Multilayer sputtered coatings of the Al 2O 3/M/Al 2O 3/R type, where M is a semitransparent absorbing layer and R is a low emittance reflecting layer, show promise as selective absorber coatings. In this paper we describe an investigation of the thermal stability of Al 2O 3/M/Al 2O 3/R-type coatings with M layers of chromium, nickel, molybdenum, tantalum and a PtAl 2O 3 cermet, and with Al 2O 3 layers deposited by both direct r.f. sputtering of alumina and reactive sputtering of aluminum. In order to simplify the thermal stability studies, the substrates were glass plates and the R layers were made of the same metal as the M layers, except in the PtAl 2O 3 case where the R layers were chromium or platinum. In all cases, proper selection of the coating thicknesses yielded solar absorptances equal to or greater than 0.90 and room temperature emittances of about 0.12 or less.
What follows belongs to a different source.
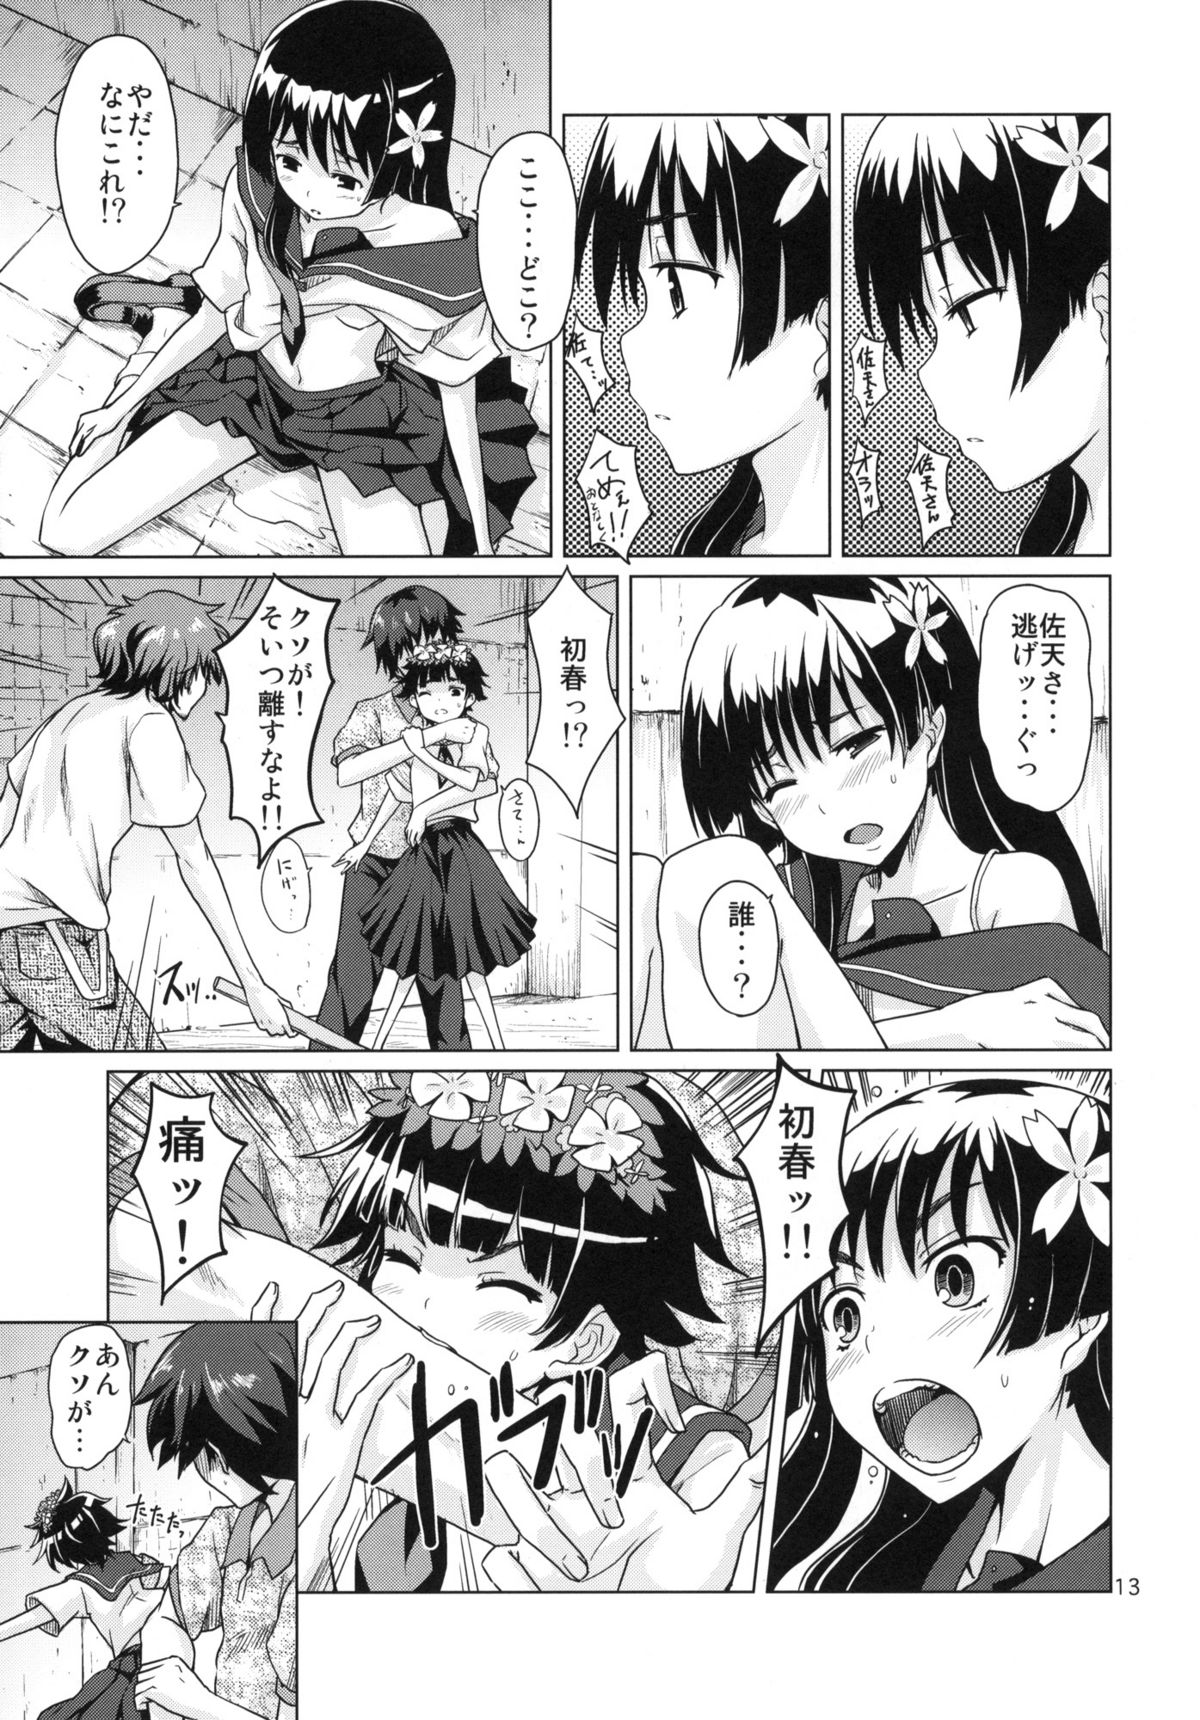 [MMU2000 (Mishima Hiroji)] i.Saten (Toaru Kagaku no Railgun) page 14 full

Coatings of the basic M layer, the M layer coated with an Al 2O 3 layer, and the complete multilayer stack were subjectedj to various thermal tests in air and vacuum over the temperature range from 300 to 700°C with test periods of from 8 to about 1000 h. The diffusion barrier properties of the Al 2O 3 layers, and therefore the thermal stability of the coatings, depended primarily on the method of deposition of the Al 2O 3 layers. Thus coatings with reactively sputtered Al 2O 3 layers underwent absorptance changes in the 300–450°C range in air or vacuum. Coatings with directly r.f.-sputtered Al 2O 3 layers were stable in air to 500–600°C and in vacuum to at least 650–700°C.